We're off and running as of last Friday! I went over rubrics with my students, and was pleased to realize that some of them remembered what they were from last year and could give examples. That kind of synthesis and application is usually really hard for my students, so to have them be able to associate the word 'rubric' with how I graded their scrapbooks and their end-of-year science projects was a good feeling.
We had a few technical difficulties: I was bitten by the "linked media file" in PowerPoint, but fortunately, I had a version of the file that I had printed to a PDF using Acrobat 8 Professional. I've been using Acrobat since version 5, and love the freedom it gives me in making materials for my students! Acrobat 8 allows you to embed media files, and so I was able to pull up that file and show the students the very short clip about rubrics I downloaded from unitedstreaming.
Our other technological issue was one of those ancient jokes that tech support people trade in their down time... "Didja hear the one about the teacher who couldn't get the computer speakers to work because they weren't plugged in??". I wish I were kidding. I had no idea that was the problem because the speakers were providing sound, albeit at a very, very low volume. I figured it was an issue with the line into the computer.

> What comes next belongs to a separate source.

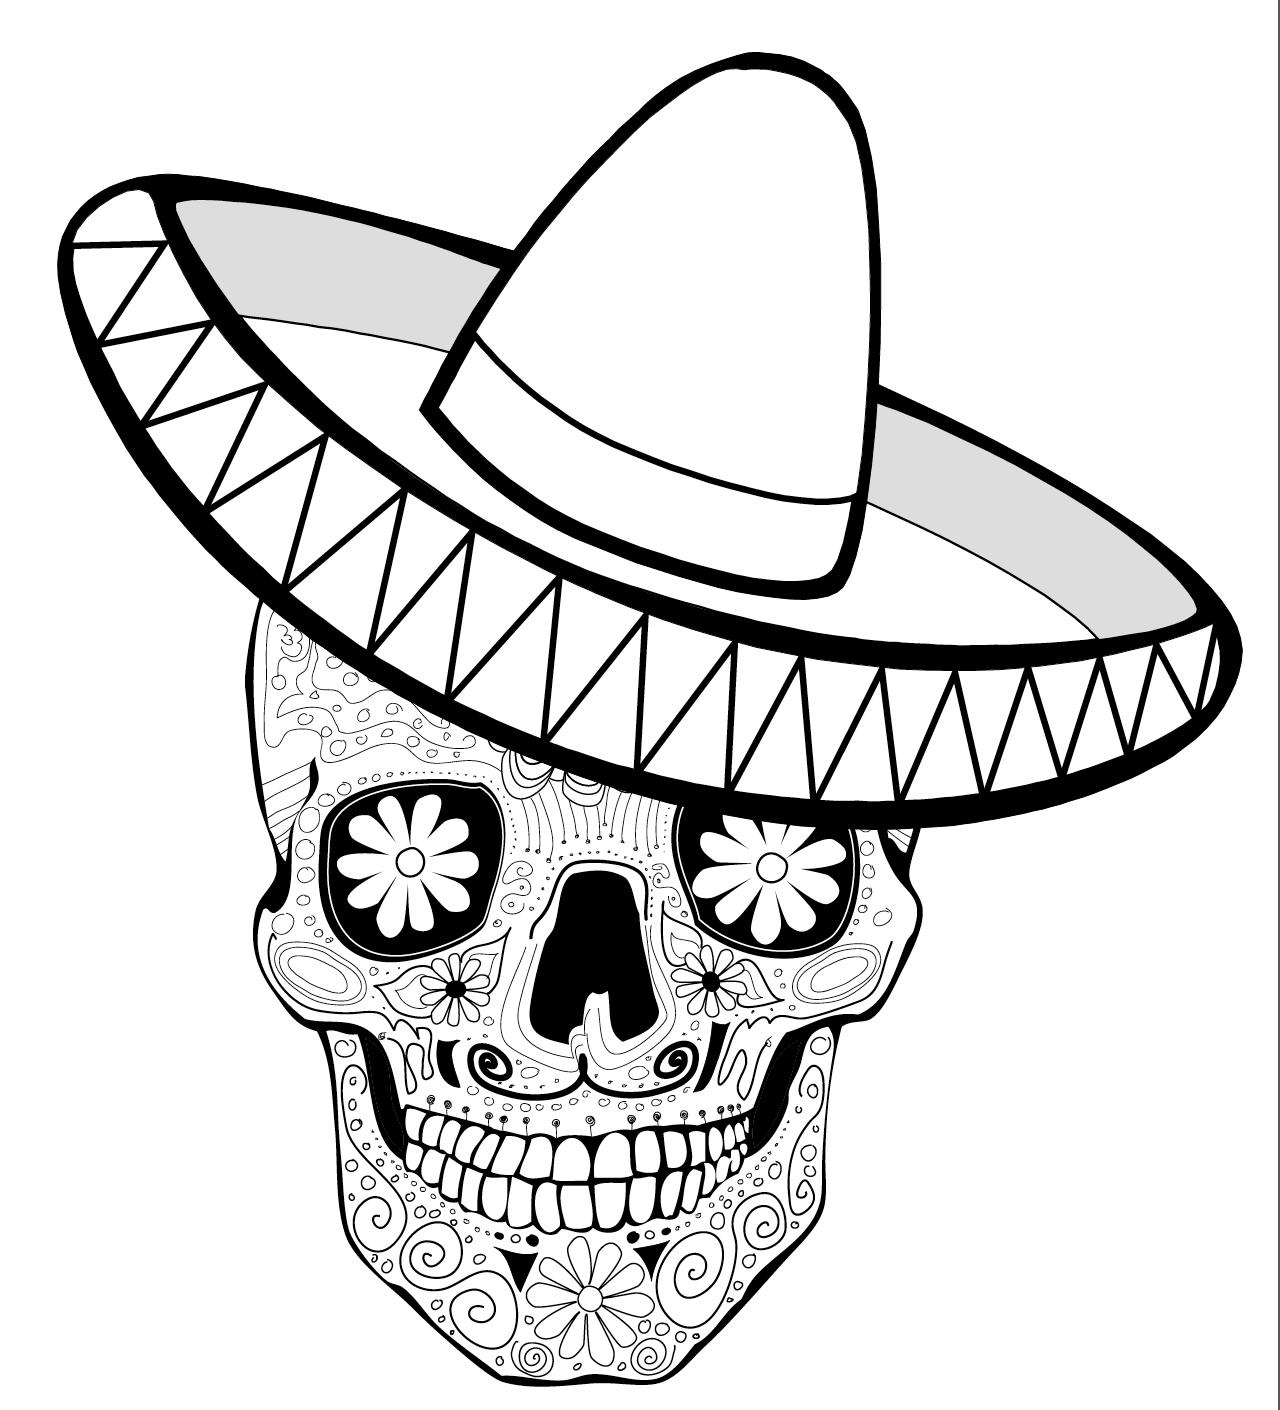 Sombrero Coloring Pages Sketch Coloring Page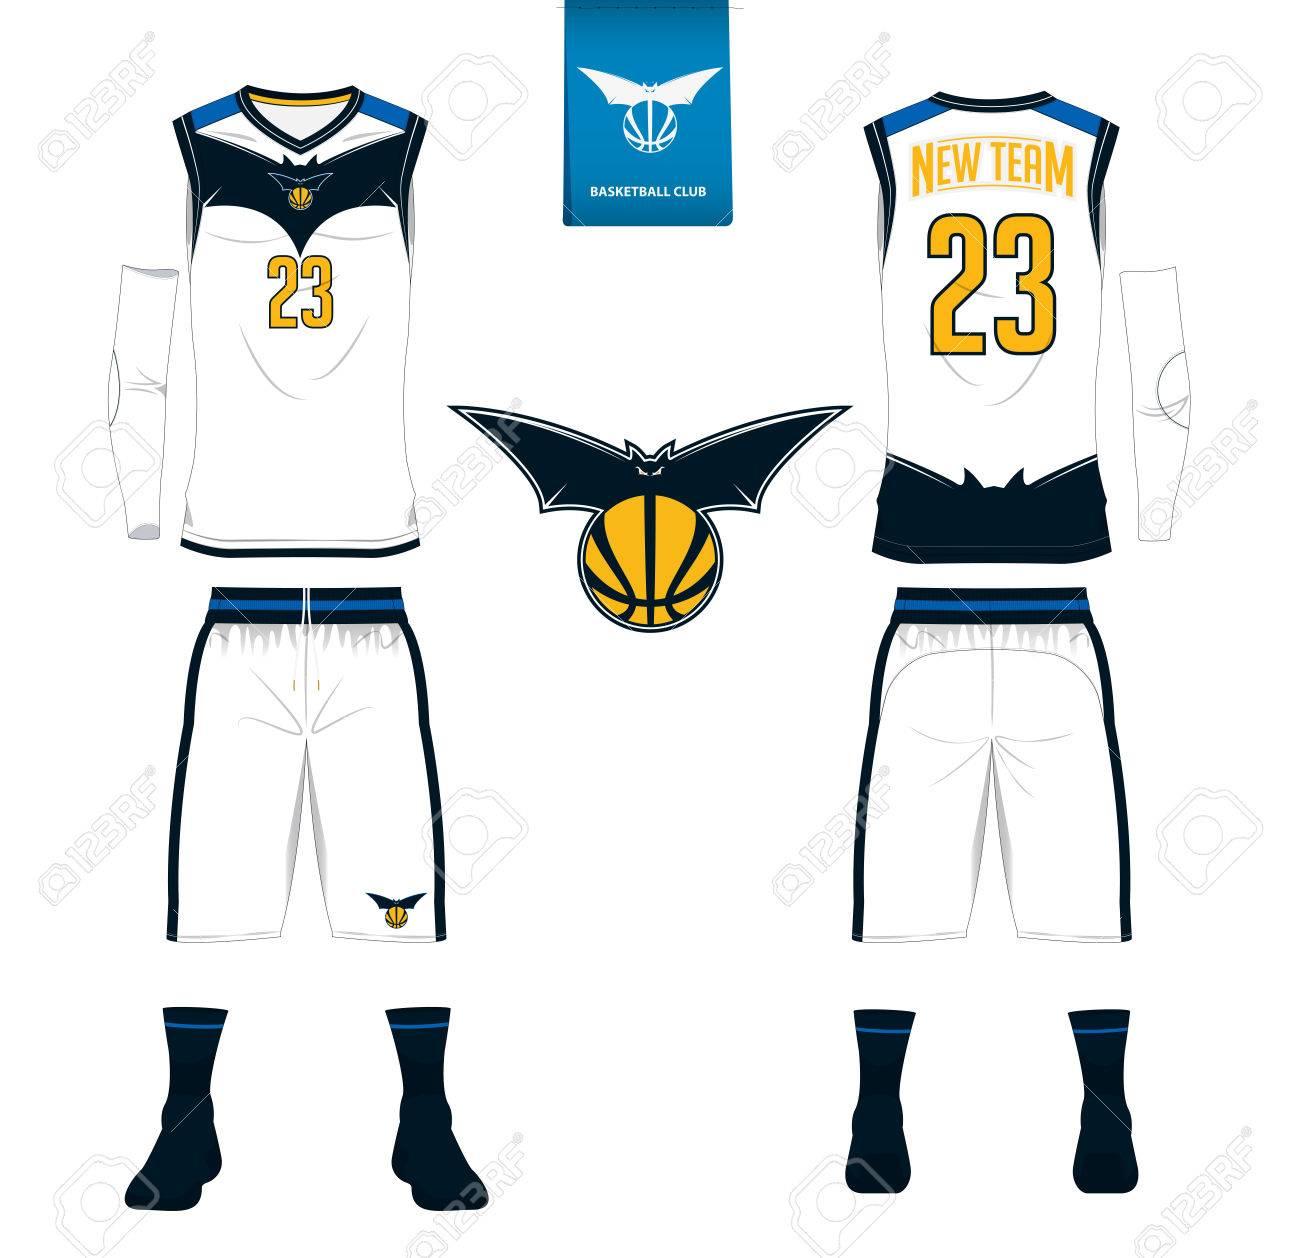 Basketball Trikot, Shorts, Socken Vorlage Für Basketball-Club ...

And of course, the tech issues had me running late through the lesson again. I did get it explained to the students, briefly, and had time to show two of them their Blogmeister accounts. We had two students log in and post very brief messages, but it was really a moment! At least for me.
After seeing that the log-in was a bit complicated for my students, I made a cue sheet for posting to the blog, just like several of the "computer how-tos" I've made. I posted a general one here.
I was also discovered a feature that makes all of the effort of blogging worth it: Blogmeister runs the student posts through the Flesch-Kincaid Readability test. It also gives a grade equivalence for student writing, which I think will be a valuable hook.
I shared the information with the Dean of our special education department at school, and she suggested I present the information as a mini-inservice at a staff meeting for our department. I'm not sure I really want to do that... I'm always worried I'm going to step on toes or have other teachers say that this is a stupid idea and not worth the time and effort.